Get your inner nerd out! The World Bank has launched a competition to help them better predict a households’ poverty status based on easy-to-collect information and machine learning algorithms. Build a statistical model that works well, and you could win a cash price of up to US$ 6,000! So what’s the pitch? asks Bjorn Gelders.
“Right now measuring poverty is hard, time consuming, and expensive,” the World Bank states. “By building better models, we can run surveys with fewer, more targeted questions that rapidly and cheaply measure the effectiveness of new policies and interventions. The more accurate our models, the more accurately we can target interventions and iterate on policies, maximising the impact and cost-effectiveness of these strategies.” Sounds great! Or does it?
The use of statistical models and machine learning has become omnipresent in recent years. Hedge funds, for example, use complex algorithms to try to predict the movements of stock markets. Banks use them to estimate the risk of defaults when deciding on loan applications and insurance firms when setting premiums. Internet giants like Google and Facebook build detailed profiles of their users to better target adverts. The list is ever-growing.
Many social assistance programmes in low- and middle-income are using complex maths too, to ‘target the poor’. Their administrators feed data from national household surveys into a computer algorithm, which develops a formula that is used to predict whether a household is poor or not, based on certain characteristics such as family size, type of housing, and education. These ‘proxy means tests’ are a feat of the conditional cash transfer programmes in Latin America, and are also being introduced in countries in Africa and Asia, usually with technical support of multilateral donors.

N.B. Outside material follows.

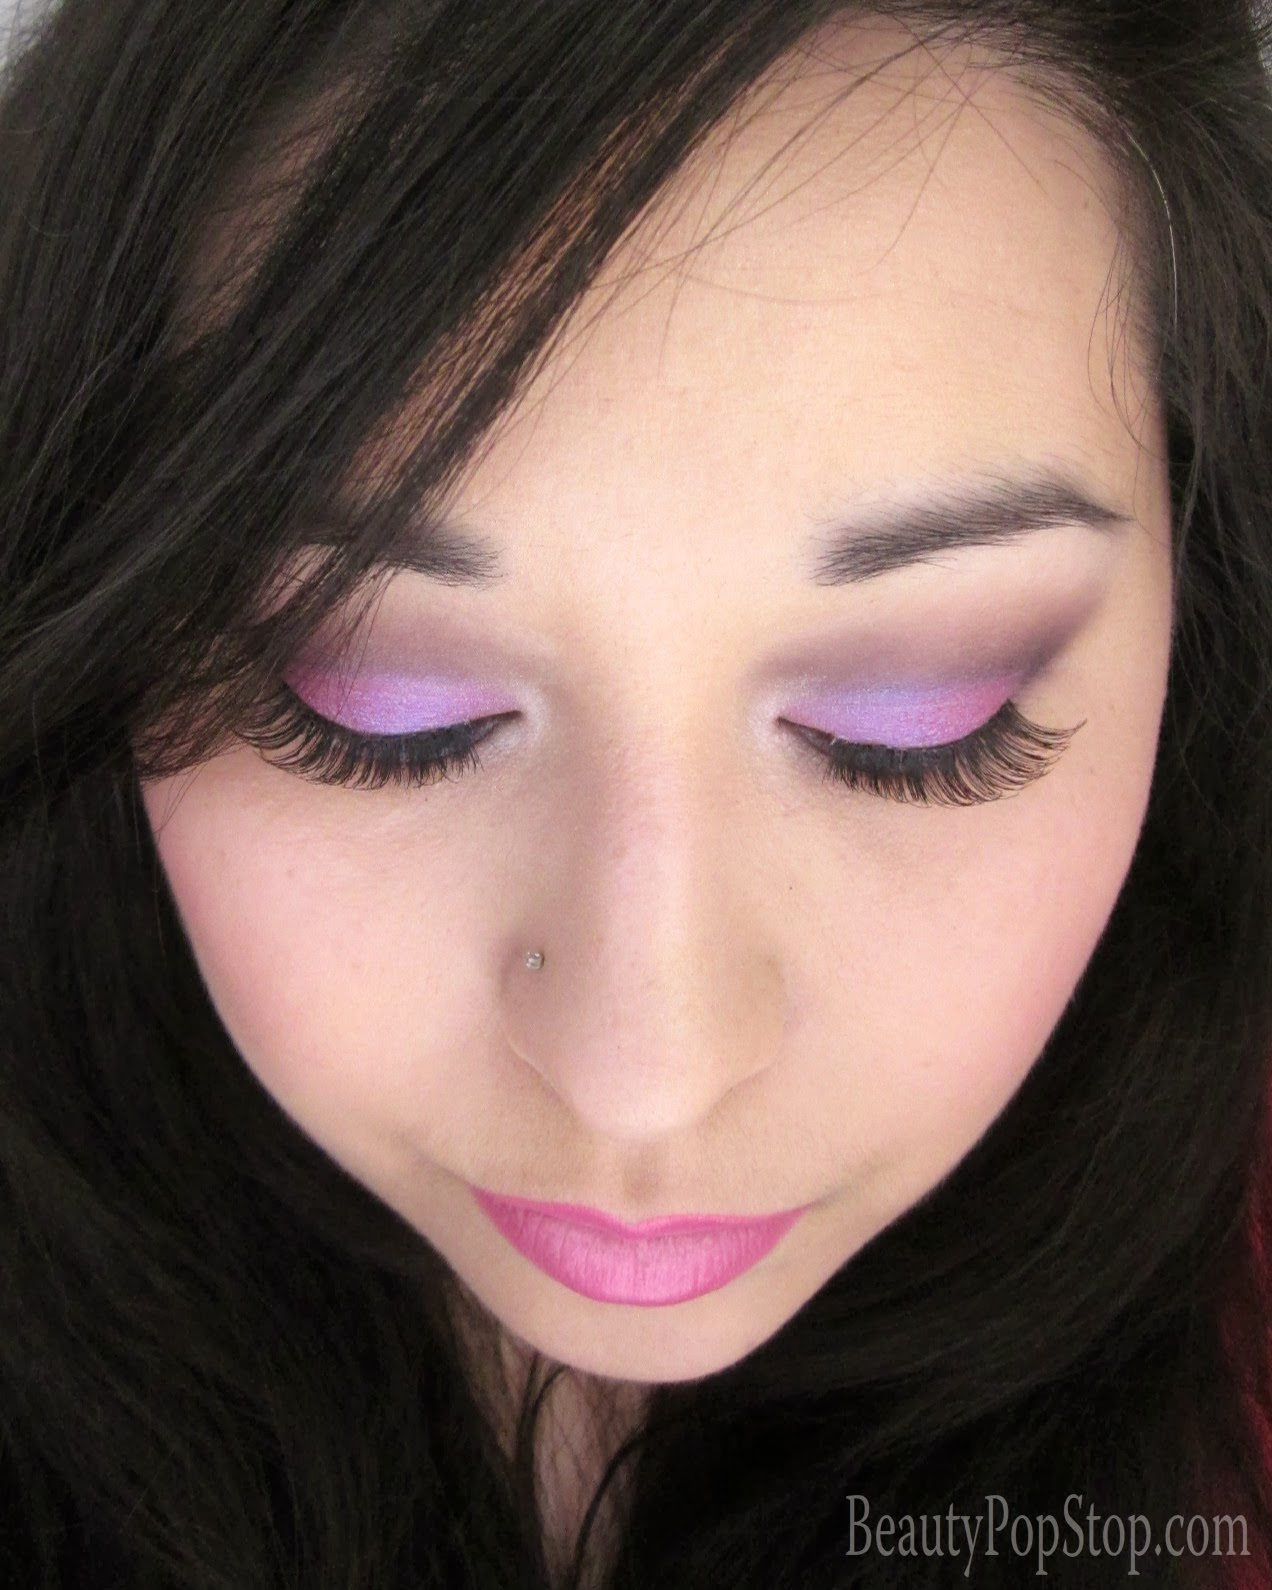 paul and joe beaute spring 2014 makeup tutorial using sugarpill, mac, make up for ever, inglot

The main problem, though, is that algorithms can make troublingly unfair decisions. In our paper ‘Exclusion by Design’ we show that social assistance programmes that rely on statistical models to select beneficiaries suffer from high errors, typically excluding at least half of the very poorest households they aim to reach. The economists Brown, Ravallion, and Van De Walle reach a similar conclusion based on data from nine African countries. While ‘econometric’ targeting can do a reasonable – but far from perfect – job of filtering out the most affluent households, it is not an accurate method for identifying the poorest households. What’s more, highly sophisticated models that use more detailed information and complex techniques do not perform much better.

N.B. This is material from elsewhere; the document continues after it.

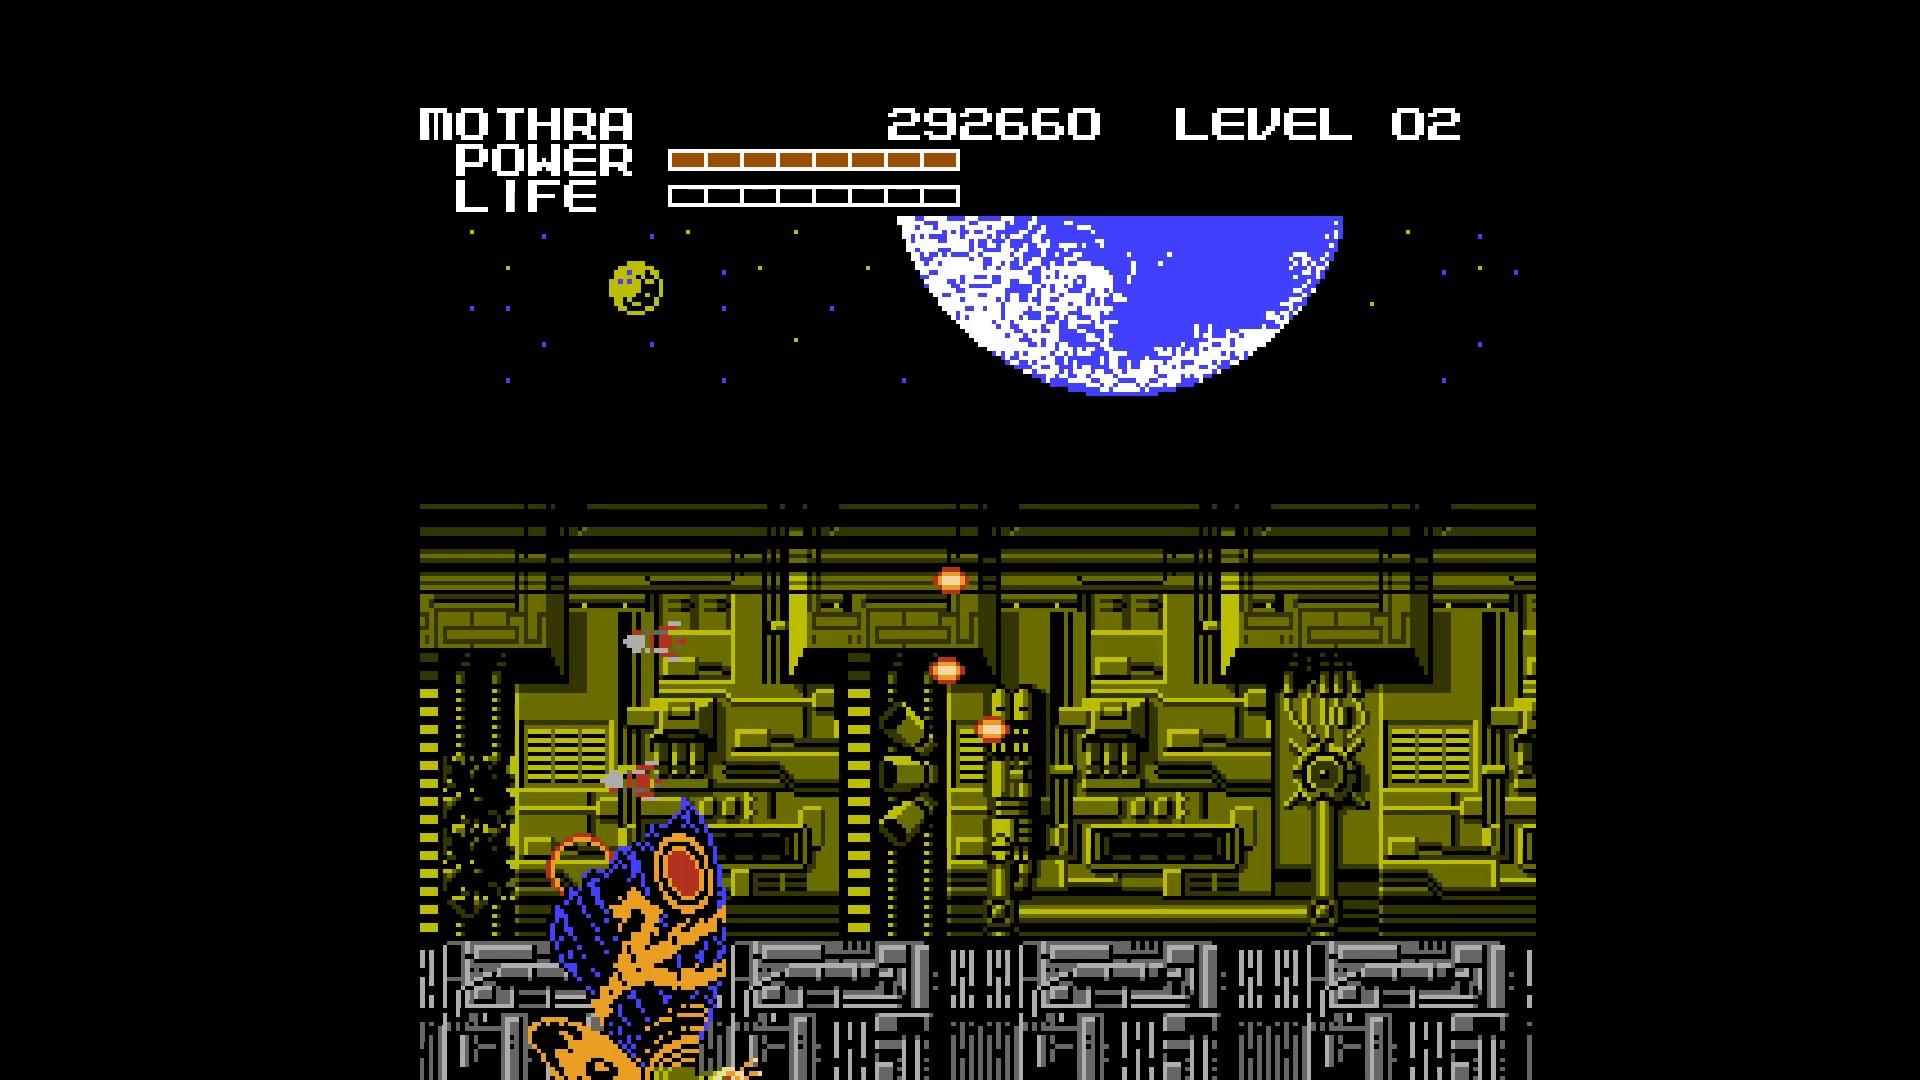 AkinNahtanoj: Godzilla: Monster of Monsters! (NES/Famicom Emulated) 292,660 points on 2020-10-25 04:53:11

When the algorithms get it wrong, there is little chance of recourse. Every year, millions of families across the developing world who really do need support are denied access to social protection because a computer says they are not ‘poor’. Pathways’ recent research into social accountability found that few social assistance programmes have functioning grievance mechanisms, and those that do are better at collecting complaints rather than resolving them. Local officials or caseworkers are not empowered to override incorrect decisions. And, no-one holds the algorithms accountable: I have not yet seen a social assistance programme that monitors their performance and keeps track of errors.
Don’t get me wrong. I’m fascinated by the explosion of ‘big data’ and machine learning in different areas of society. And I think the World Bank has set an interesting challenge for data scientists. Robust data and statistics should play a critical role in decision-making, and efforts to improve and optimise household surveys are important. But let’s not trust machines too much, especially when deciding who has their right to social security fulfilled and who does not.
The causes of poverty are multi-faceted and household incomes and consumption are highly dynamic. Trying to squeeze that reality into a statistical model is challenging at best and dangerous at worst.